I want to tell you what normally
happens as someone is dying. Dying, just like being born, is a process
our bodies go through quite naturally with recognised phases that are
pretty much the same for everyone. It's all very ordinary. At first our bodies grow weary. We need more sleep, less food, we
may lose our appetite altogether. Some days we can manage an outing,
or visitors, or watching TV. Other days we mainly sleep. All this is normal. Inside our weary bodies, changes are happening. All our systems are running out
of energy. Digestion slows down. Our heart may not pump as strongly.

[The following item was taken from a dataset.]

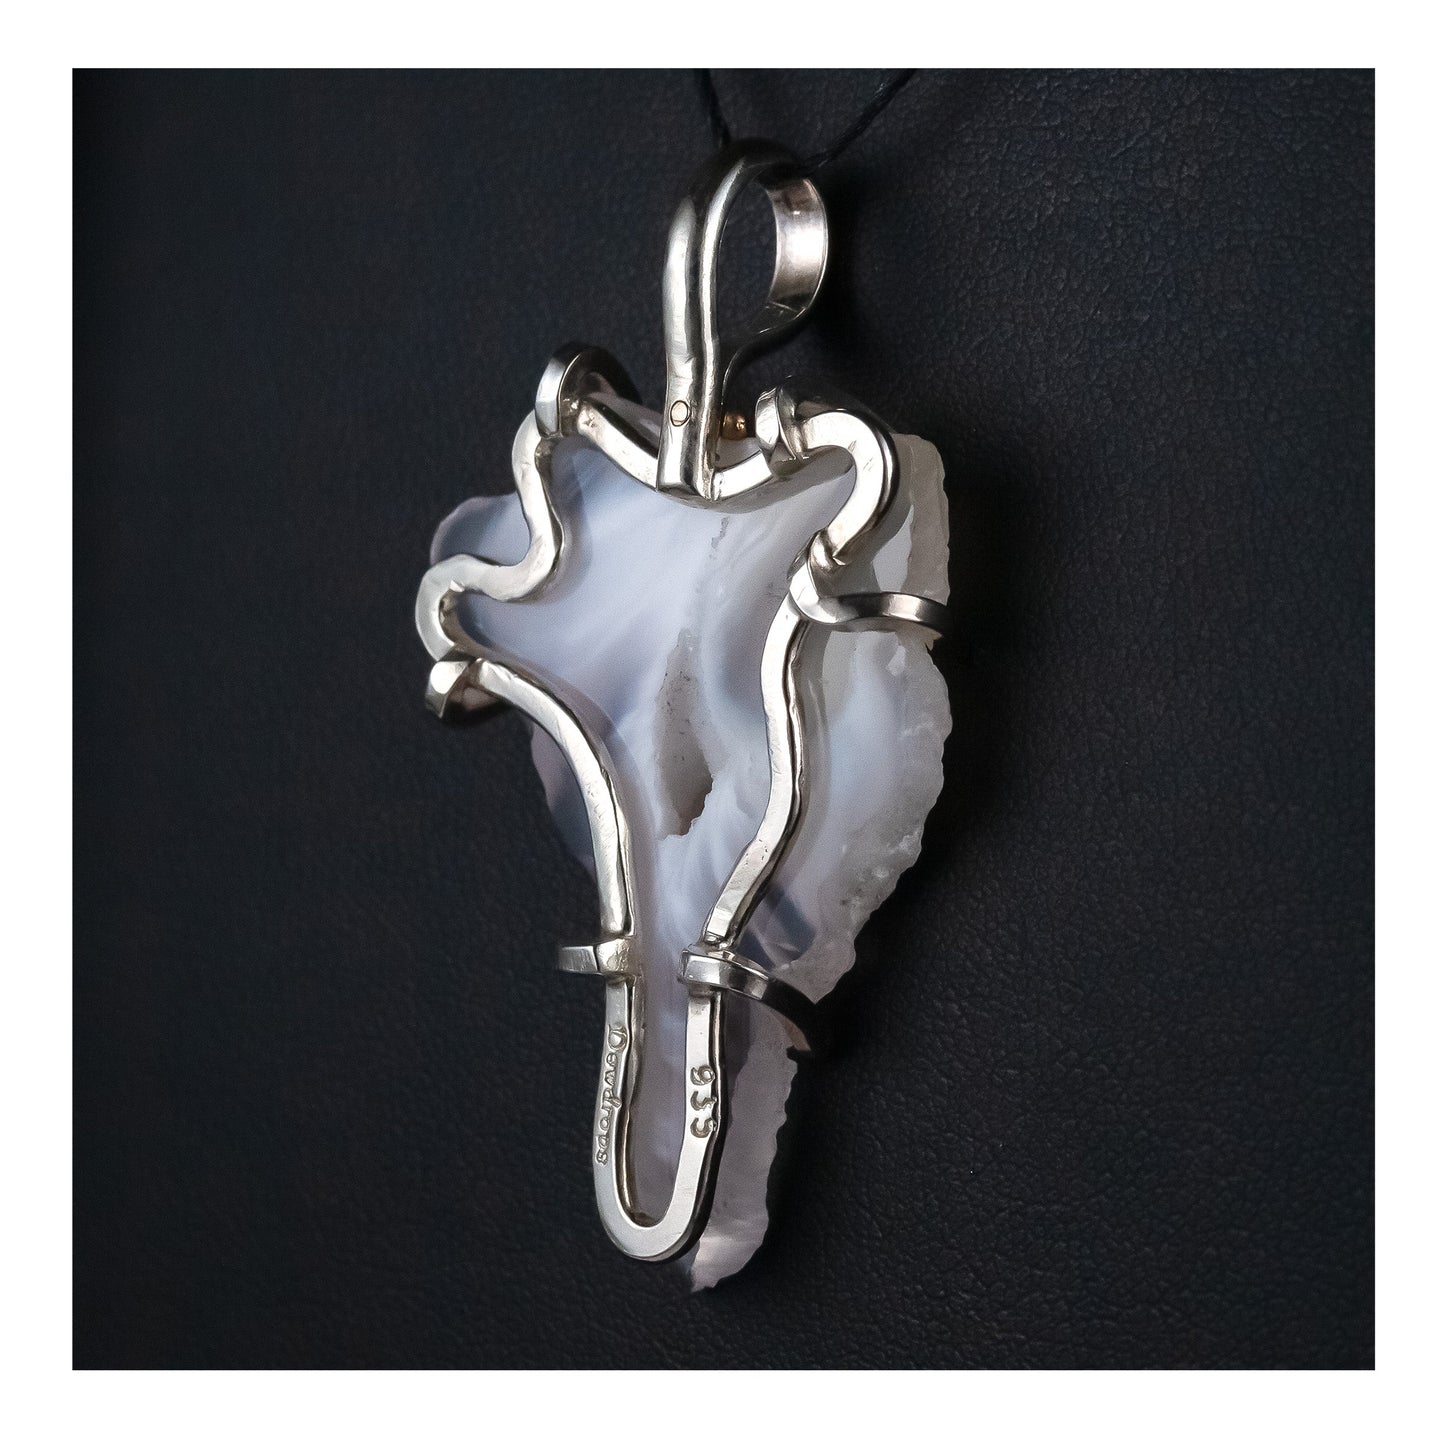 A freeform Agate slice. Tarnish-resistant Argentium Silver. Pendant with Prong setting. Black cord. agate stone necklace.
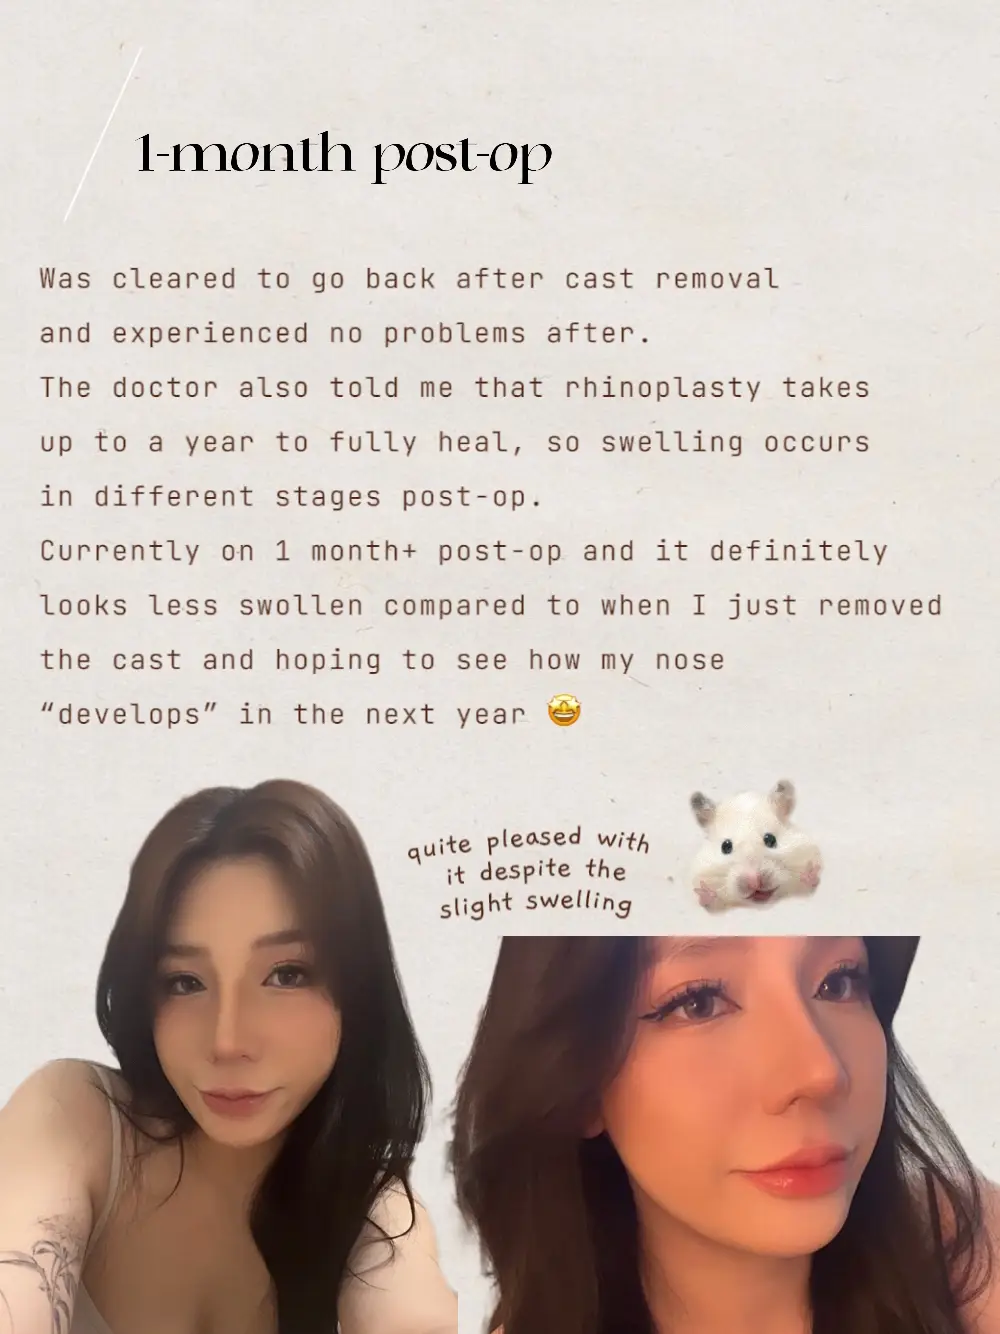 Got a nose job in Korea 🤕 (Price + Recovery!)'s images(4)

Our organs might slow down. All normal. Aside from the physical, I've noticed
that dying people's perspective often shifts from themselves to others. The same last messages:
I'm sorry. I forgive you. Thank you. I love you. Most people are not conscious
by the time they die. We don't know when we're unconscious. We
don't notice time passing or feel our body. It doesn't feel like going to sleep,
it's just a state of non-awareness. To begin with, dying people might
only be unconscious some of the time. In between, they may wake
up and talk, or sip drinks or listen to the people around
them chatting. That's normal. They may become a bit muddled or restless. It helps when people hold their hand
and talk in soothing gentle tones. Familiar trusted voices calm and comfort. Unconscious people breathe in an unusual way. Their breathing pattern gradually
changes backwards and forwards between deep and shallow, and
between fast and slower breaths. This is normal, and they can make unusual noises. If their breath vibrates their voice box,
it might sound like a sigh or a moan. Sometimes their breath gurgles or
rattles. It's not uncomfortable. It's a completely normal part of dying. Hearing is the last sense to go. That's why loved ones and
caregivers can keep talking while the dying person is unconscious. It's why some people make end of life playlists. What about the moment of dying? Well it's usually very gentle. Our
breathing gets slower and more shallow. And then it just very gently stops. A few minutes later our heart stops too. That's it. No fuss, or fear, or panic. Of course saying goodbye to people we love is sad but knowing what to expect
takes away a lot of the fear. I've met so many bereaved people who
wish they had talked about dying more. I've never met a person who regretted
having those important conversations. We need to talk about it, because talking about
death will help us to live together better.